China’s human rights record worsened in 2011, making it the most repressive year in a decade, after Beijing launched a crackdown following protests across the Arab world, a group said Friday.
Hong Kong-based Chinese Human Rights Defenders said in its annual report on rights activists in China that 2011 was characterised by lengthy jail terms, enforced disappearances and torture of dissidents.
Political upheaval that rocked the Middle East and sparked calls for anti-government “Jasmine rallies” in China spooked authorities, who responded by launching one of the toughest crackdowns on dissent in years, it said.
The group said the move to silence government critics “marked yet another low point in China’s human rights, making 2011 the most repressive year since the rights defence movement began in the early 2000s.”
It estimated that dozens of activists were disappeared and tortured, while several veteran dissidents were sentenced to long jail terms.

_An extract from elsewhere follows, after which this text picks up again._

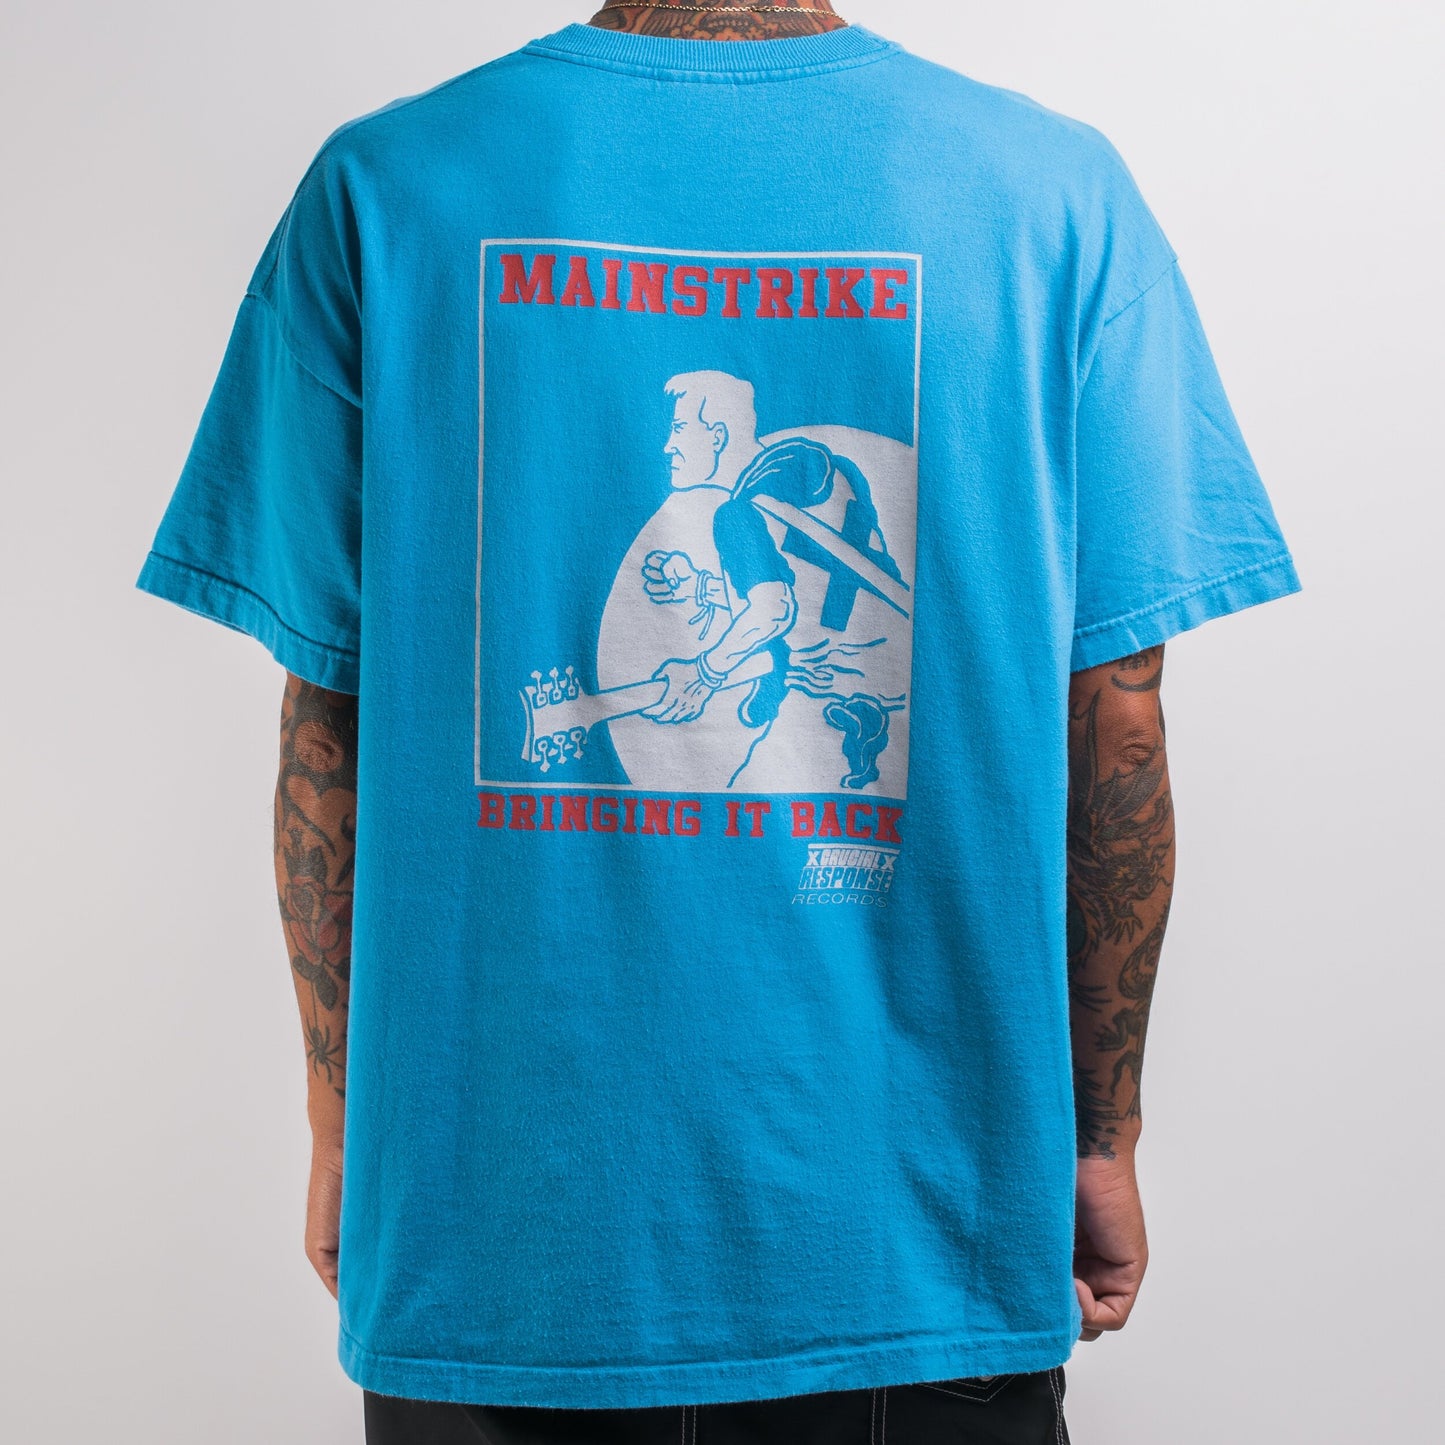 Vintage 90’s Mainstrike Bringing It Back T-Shirt

One of the most alarming developments last year was the use of “enforced” disappearances, in which at least two dozen activists were taken by authorities and held for long periods of time in secret locations, the organisation said.
Secret detentions in China are well-documented — the renowned artist Ai Weiwei was among several dissidents to be taken to unknown locations and held for months without charge during a crackdown on government critics last year.
China had planned to make it legal to “disappear” criminal suspects as part of changes to the country’s criminal law, which is under debate this week by lawmakers attending the annual National People’s Congress.
However, in what was hailed as a victory for judicial reformers, China has abandoned those controversial plans following a public outcry.
Those proposed amendments to the law previously included a clause that allowed police to hold people suspected of terrorism or endangering national security in secret locations without notifying their families.
But the clause has been excised from the amended Criminal Procedure Law, according to a draft and rights activists.